Beautiful Fish: Alewife -By Al Bezanson

ALEWIFE; GASPEREAU; SAWBELLY; KYAK; BRANCH HERRING; FRESH-WATER HERRING; GRAYBACK

The alewife, like the shad and the salmon makes its growth in the sea, but enters fresh water streams to spawn. This “anadromous” habit, as it is called, forced itself on the attention of the early settlers on our coasts. In the words of an eyewitness, “experience hath taught them at New Plymouth that in April there is a fish much like a herring that comes up into the small brooks to spawn, and when the water is not knee deep they will presse up through your hands, yea, thow you beat at them with cudgels, and in such abundance as is incredible.”  And they are no less persevering in their struggles upstream today. Numbers of them are to be seen in many streams, any spring, alternately swimming ahead; resting in the eddy behind some irregularity of the bottom; then moving ahead again, between one’s feet if one happens to be standing in midstream. And they are much more successful than the shad in surmounting fishways of suitable design.

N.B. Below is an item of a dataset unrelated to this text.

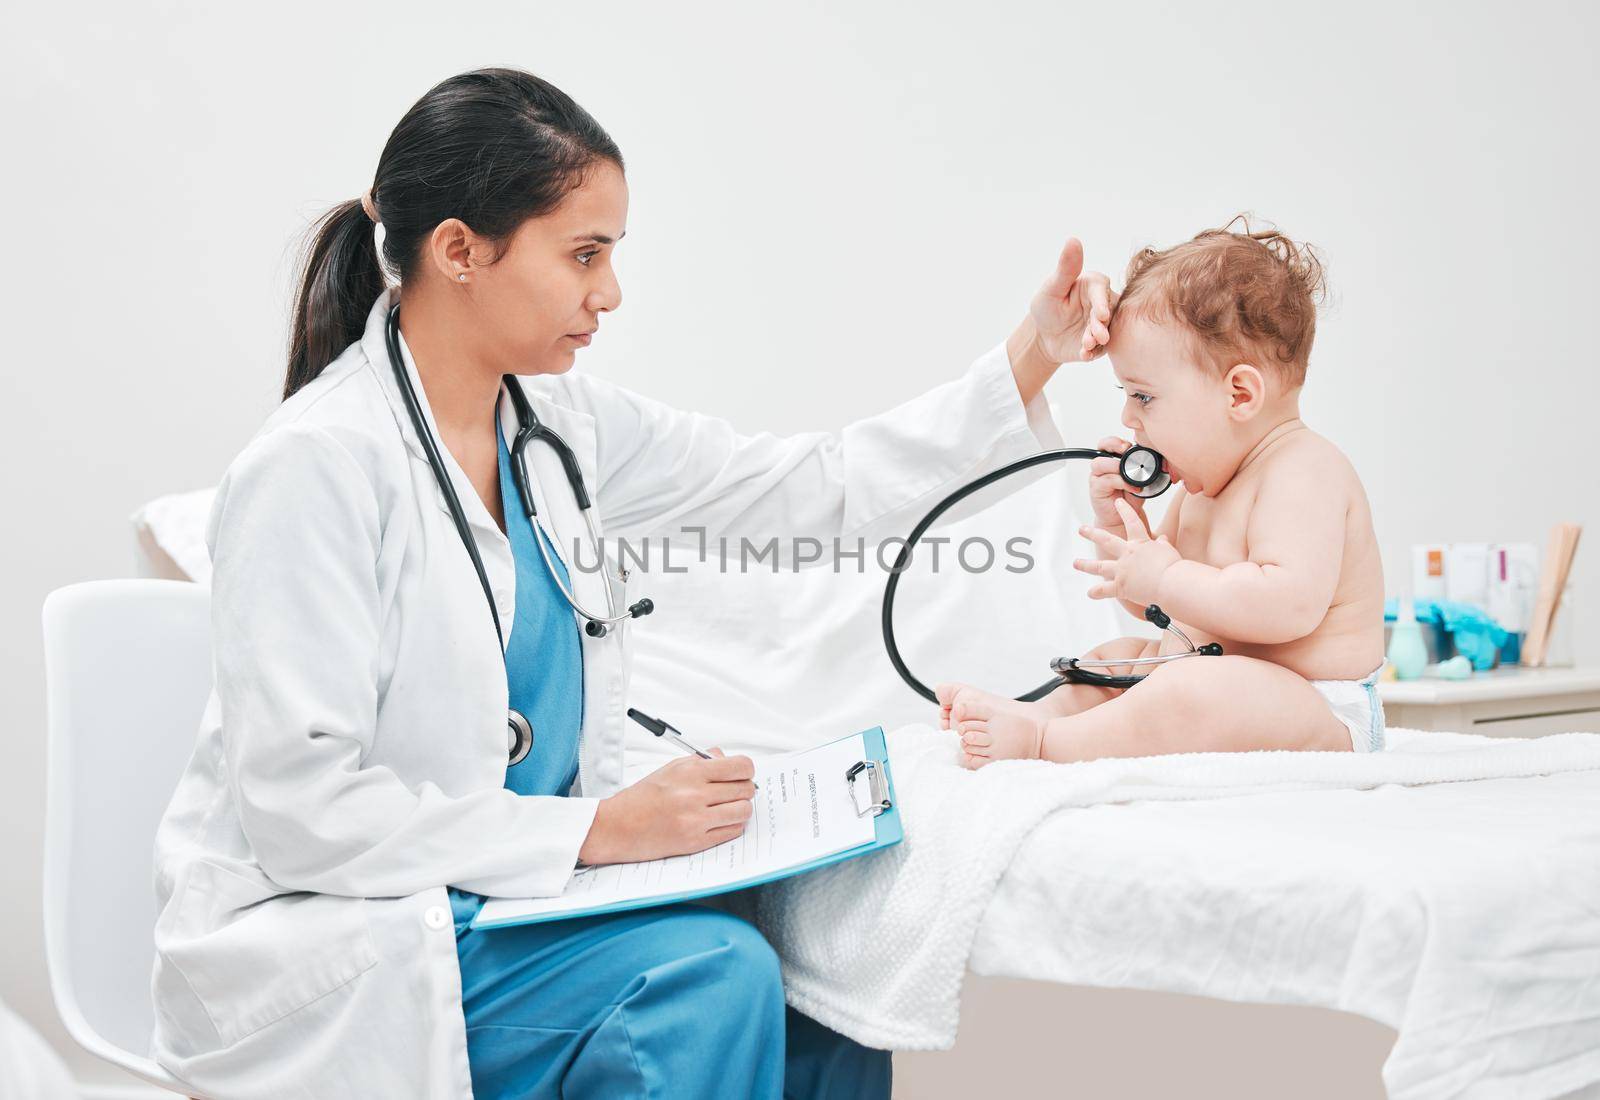 Shot of a paediatrician completing paperwork during a checkup.
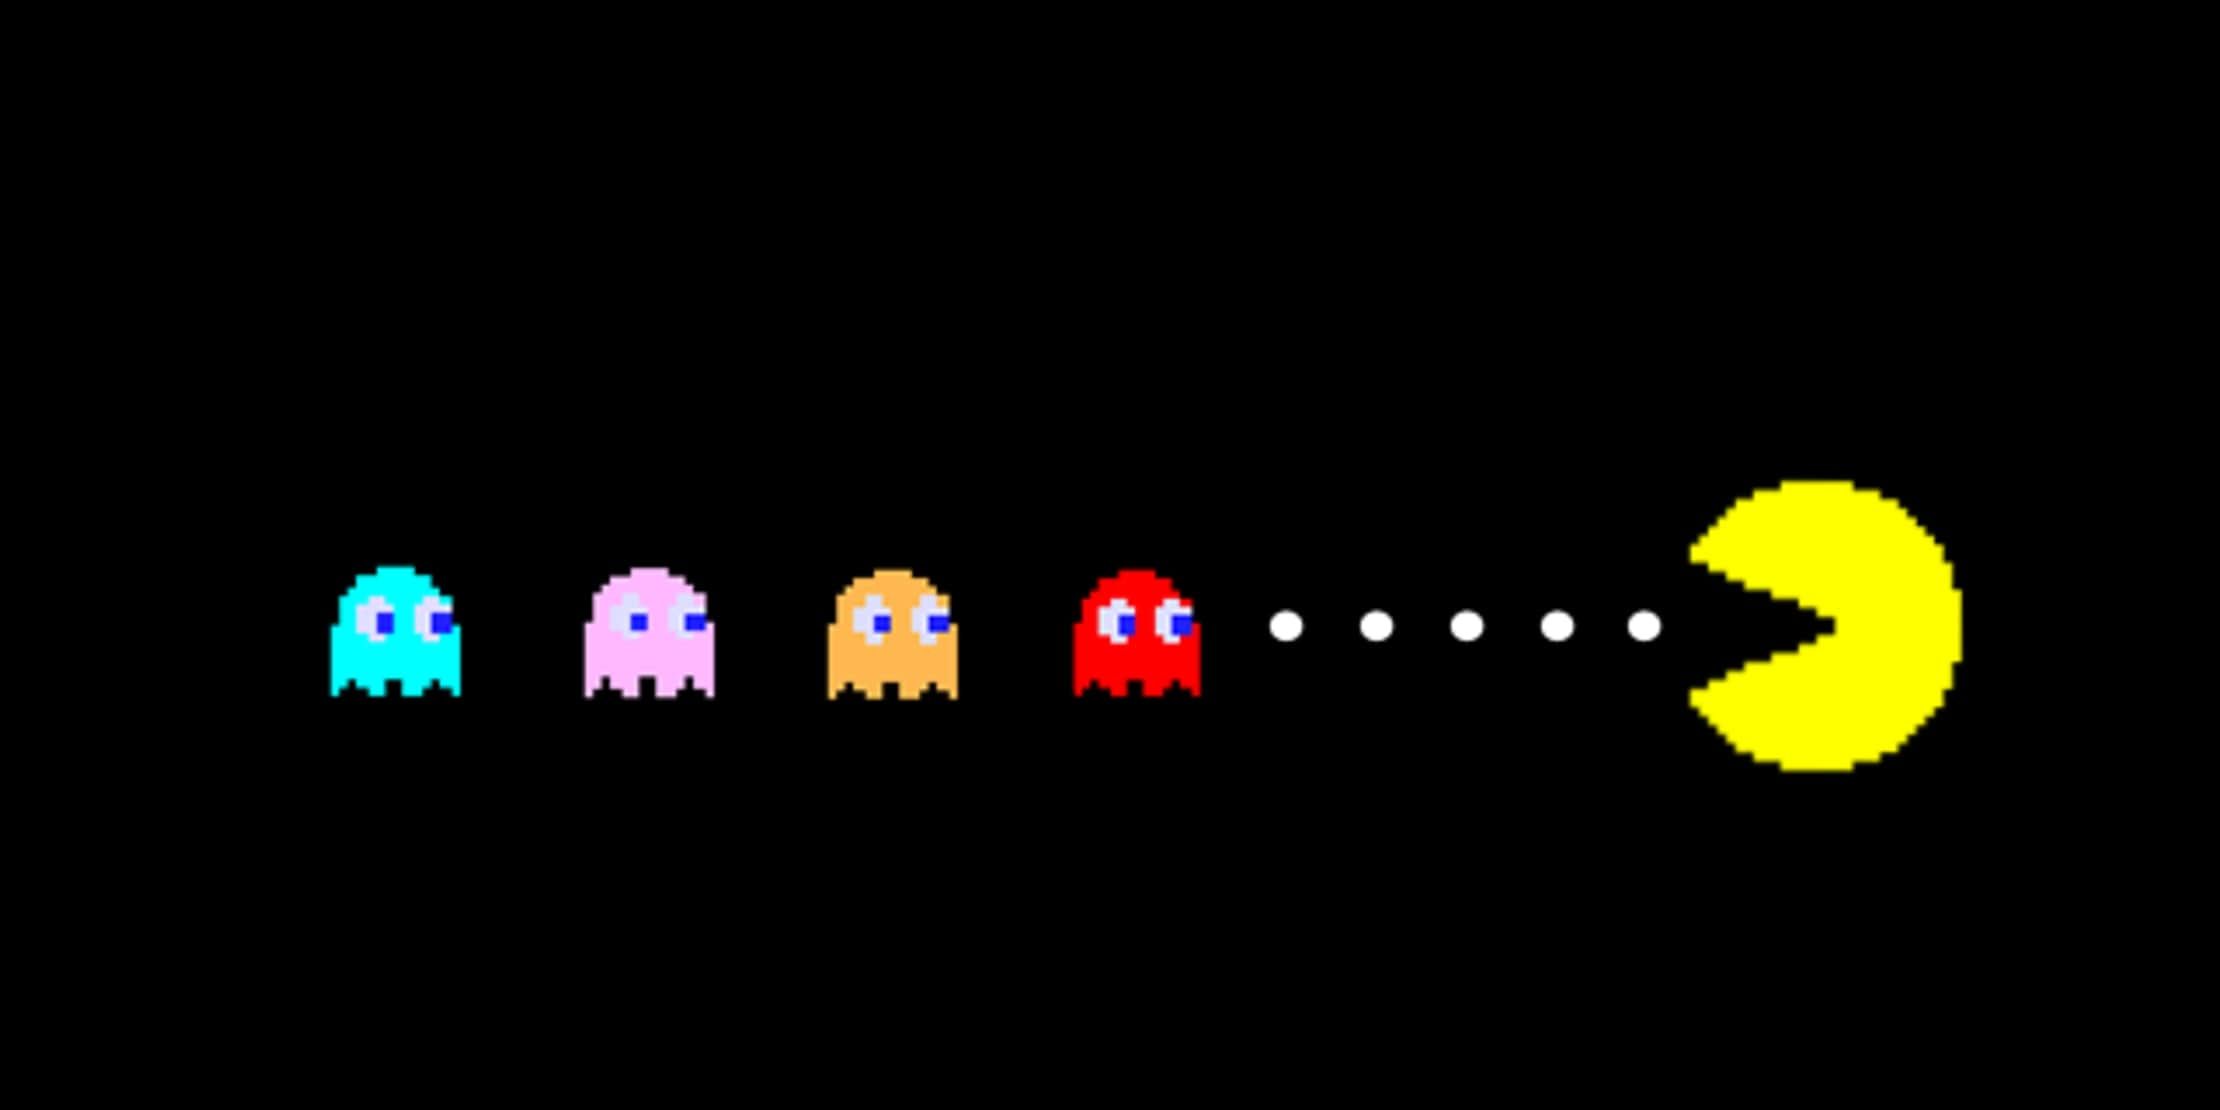 Pac Man eating the ghosts

From Fishes of the Gulf of Maine by Bigelow and Schroeder (1953) online courtesy of MBL/WHOIhttp://www.gma.org/fogm/Pomolobus_pseudoharengus.htm

 

This Saturday, March 31st ,  help out with the alewife count right here in Little River.

 

Beautiful Fish: Chimaera -By Al Bezanson

 

The chimaeroids, being cartilaginous fishes, are allied to the sharks, skates and rays, but are separated from them by many important anatomic characters. Most obvious of these externally are that they have no spiracle; that they have only one external gill opening on either side; that their tails are symmetrical; and that their gill filaments are free at the tips like those of bony fishes. The chimaeroids remotely suggest the grenadiers in general body form, but are easily separable from them at a glance; first of all by the softness of their bodies and by their naked skins, also by the location of the pelvic fins which are set far back under or behind the tips of the pectorals, and by the large size of the pectoral fins, to list only the most obvious differences. There is no danger of confusing them with any other Gulf of Maine fishes, so curious is their appearance.

Occurrence in the Gulf of Maine—

Our only reason for mentioning this chimaera is that it is (or was) so plentiful along the offshore slopes of the Banks off the eastern part of the Gulf and off Nova Scotia that many were brought in for a few years subsequent to 1875, when fishermen long lining for halibut extended their operations down to 300 fathoms or so. Only one seems to have been reported during the past 25 years, caught off Browns Bank, 85 miles southwest of Cape Sable, between 400 and 500 fathoms on October 15, 1930.[85] But perhaps it would be found no less plentiful now than of old, if sought at the proper depth. The shoalest capture of which we found record was at 160 fathoms.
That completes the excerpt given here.